While watching (and waiting) for The Matrix Resurrections to become an engrossing movie, I slowly began to realize that it would never turn into one. Where the previous entries in the series managed to explain what was happening throughout exciting action sequences, this movie spends nearly two of its two-and-a-half hour run time explaining things. (The movie really should have been titled: The Matrix Explanations.) The obvious question, namely how and why Neo and Trinity are still alive, isn’t answered until two-thirds of the way in. Before we get the answer to that question, there’s much to explain.

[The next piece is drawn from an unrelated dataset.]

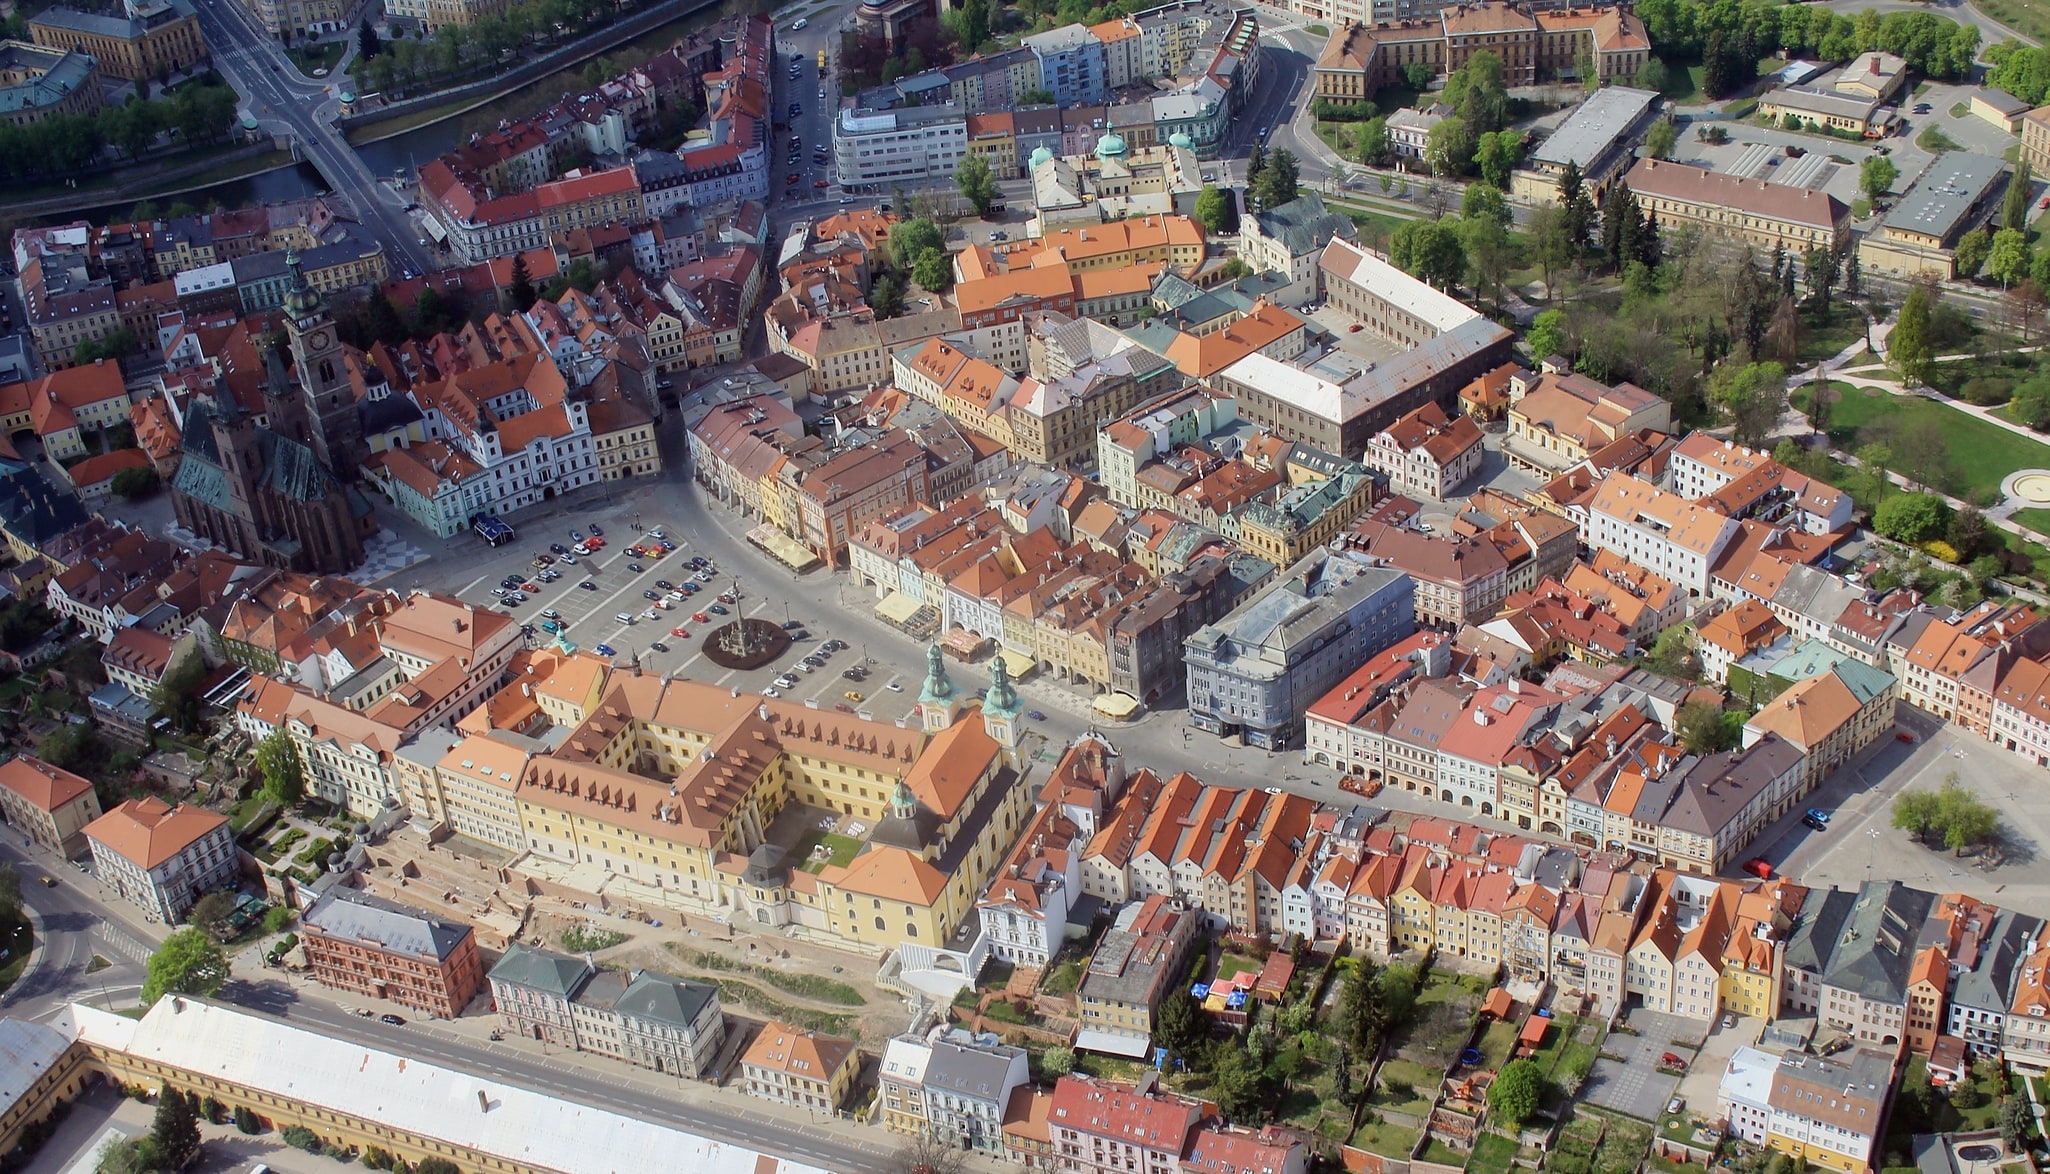 Hradec Králové, Czech Republic

We’re told that the previous movies were essentially video games that Thomas Anderson (a.k.a. Neo, Keanu Reeves) created, which in turn caused him to have a mental breakdown. In the present, there’s a new crew of revolutionaries that want to extract Neo from the Matrix again. (The reasons for which are explained, but really don’t make much sense.) Unfortunately, thanks to his Analyst (Neal Patrick Harris), Neo doesn’t think that any of that Matrix stuff was ever actually real. Along the way Neo meets the New Morpheus (Yahya Abdul-Mateen II), a program Neo created for a purpose that’s somehow never explained.

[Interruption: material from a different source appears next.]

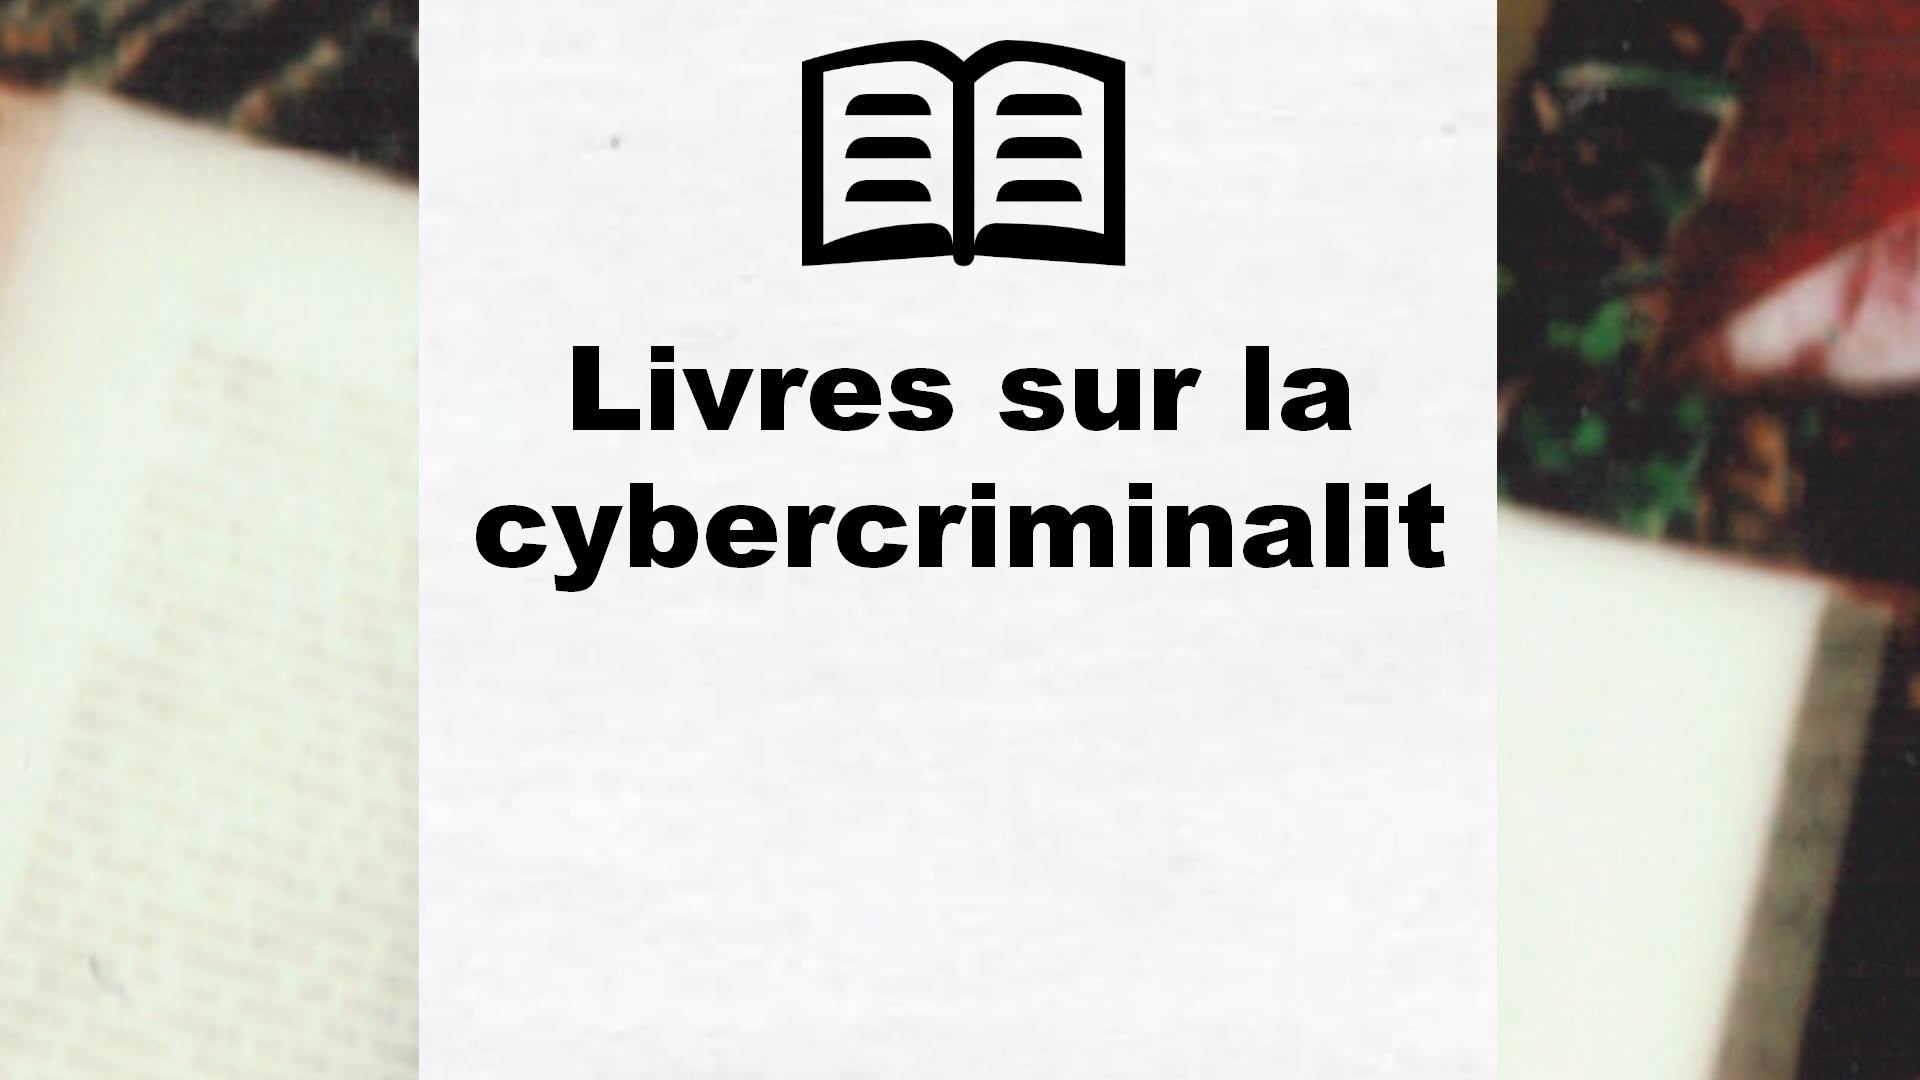 Livres sur la cybercriminalité

An hour of screen time in, Neo is finally extracted from his pod of goo. Plenty of explanations follow. What happened after Neo saved everyone? What happened to Zion? What happened to the Machines? What happened to Old Morpheus? What’s up with Agent Smith? When not explaining what happened between the previous sequel and this one, Wachowski gleefully cribs from her own movies. Classic scenes are threaded throughout, and new characters recite dialog given by characters from the previous movies. Both of which are pointless because, honestly, nobody who would see this movie would not already be familiar with the previous three.

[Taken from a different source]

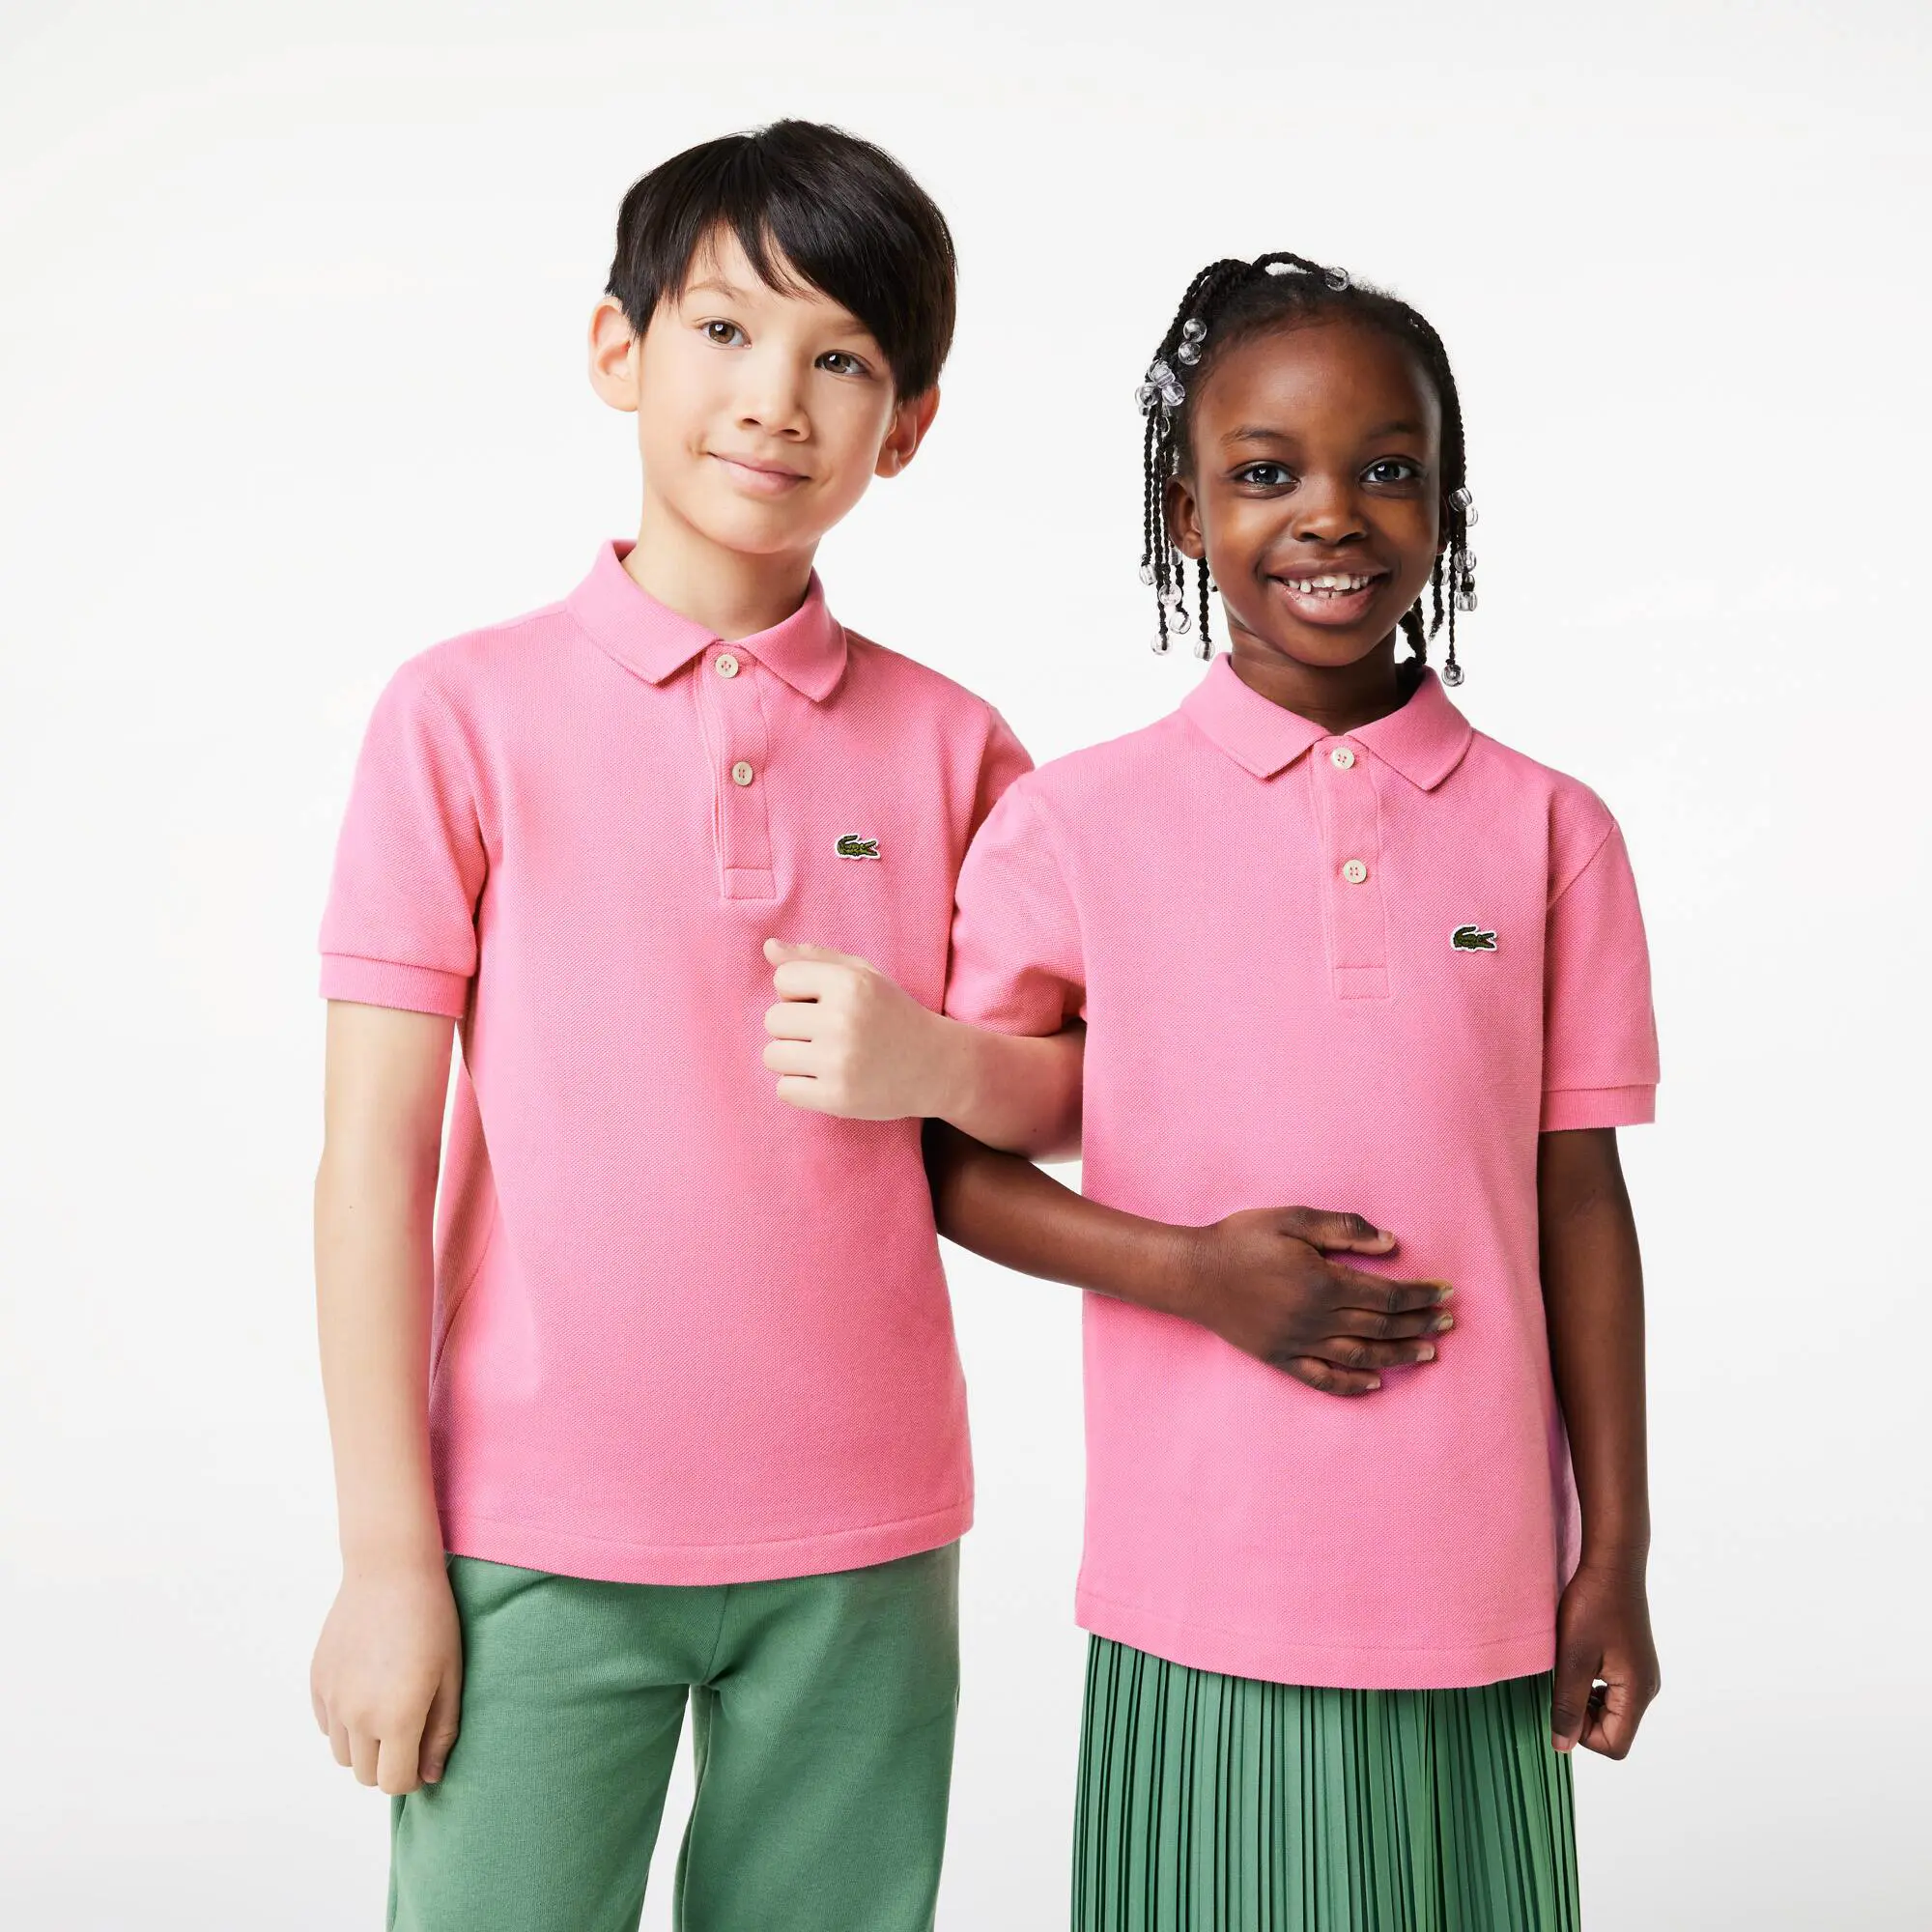 Lacoste Kids' Lacoste Regular Fit Petit Piqué Polo Shirt. 1

While the quality of previous three entries in this franchise dropped off dramatically, they at least involved big stakes. Resurrections boils down to reuniting Neo and Trinity (Carrie-Anne Moss), which may be a nice romantic notion but is such a small-stakes goal that it renders this movie trite in comparison with the others. The Matrix may have been resurrected, but the reasons why anyone cared in the first place has been forgotten in the intervening 18 years. Not Recommended.